PFF just released its Tech Agenda 2007 -- "[ten] recommendations designed to assist policy makers in Congress, the agencies and the states in addressing . . . prominent policy challenges":
1. Renew fundamental reforms of communications regulations.
2. Leave network neutrality concerns to the market and antitrust.
3. Leave content business models and fair use to the market.
4. When addressing patents, take a first-principles approach to property and innovation.
5. Enact meaningful reform of archaic media ownerships laws and regulations that hinder media marketplace experimentation.
6. Pursue greater First Amendment parity among modern media providers by leveling the playing field in the direction of greater freedom for all operators / platforms.
7. Subject data security and privacy proposals to careful benefit-cost analysis, including full examination of consumer benefits from services and technologies affected by these proposals.
8. Promote pro-competitive, non-regulatory internet governance.
9. Avoid open-ended, intrusive data retention mandates.
10. Promote more efficient taxation of telecom services and Internet sales.
Each is accompanied by a one-para elaboration. The IP section:
3. Leave content business models and fair use to the market.

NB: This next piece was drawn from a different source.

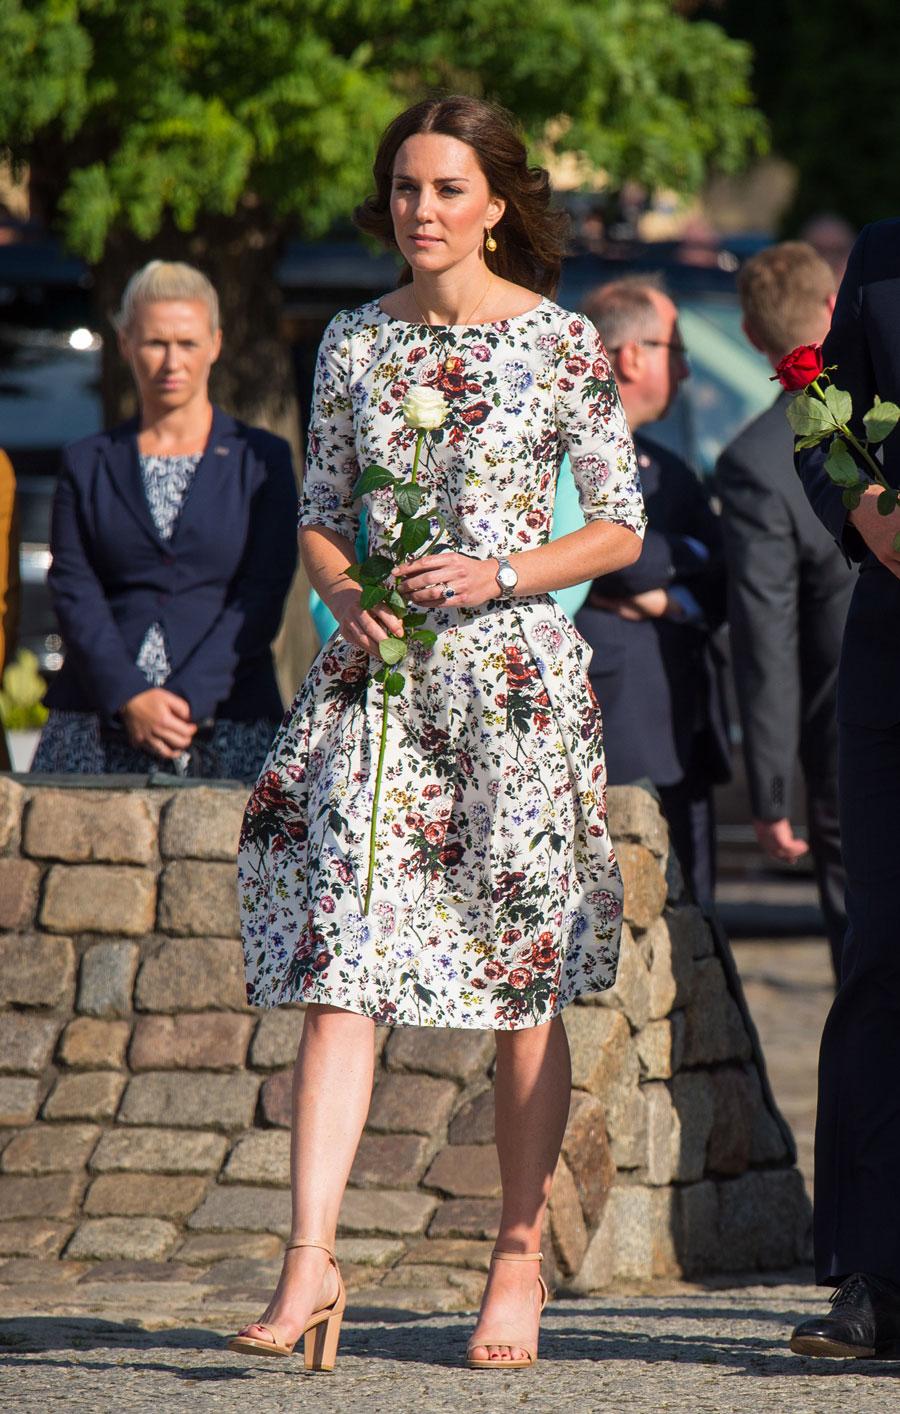 Fondo Flores Blanco Con Vestido Middleton Kate WqPBvXUg8

Congress should resist the urge to pass laws that interfere with markets for copyrighted goods. To create new content distribution business models, producers often use digital rights management technology to package or mark digital goods to exclude free riders, just as locks on doors are the “front line” in keeping out burglars. Over time, competition and consumer demand will shape what form any restrictions take. Creators have a strong incentive to circulate their work to a broad audience. Fair use has long been a “safety valve” in copyright, allowing the audience for a copyrighted work to copy, usually in part, when negotiating with the copyright owner would be impracticable. As technology reduces transaction costs, the scope of this area in which seeking permission is impractical shrinks, and the scope of fair use should shrink with it. Legislators should avoid regulations of this market based on technologies of the moment, or of the past.

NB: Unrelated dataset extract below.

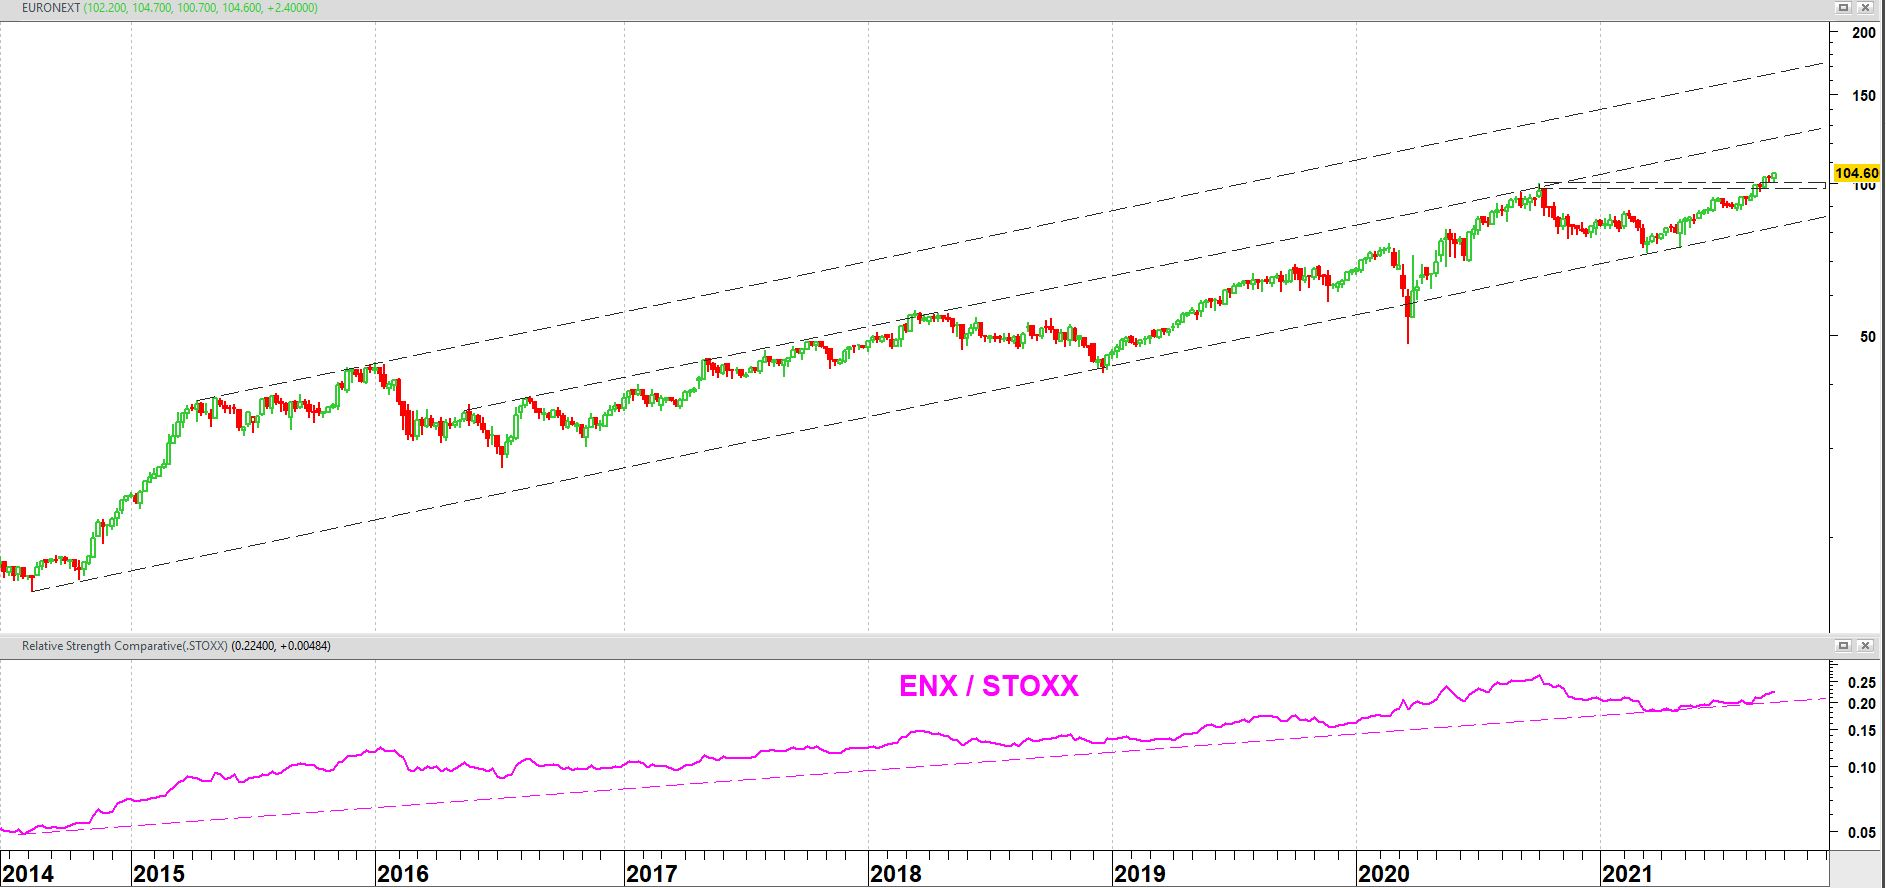 Euronext vanaf introductie medio 2014 + relatieve sterkte t.o.v. Europese DJ Stoxx 600

4. When addressing patents, take a first-principles approach to property and innovation.
When examining reform of the U.S. patent system, Congress should remember that the system already works well for a significant number of companies. Therefore, the first rule of patent reform should be to do no harm, and focus on first principles of patents, namely the incentive to innovate and the protection of those innovations for a limited time. Modest litigation reform and better tools for patent examiners can significantly reduce patent conflicts without undermining the system. Congress should first do no harm.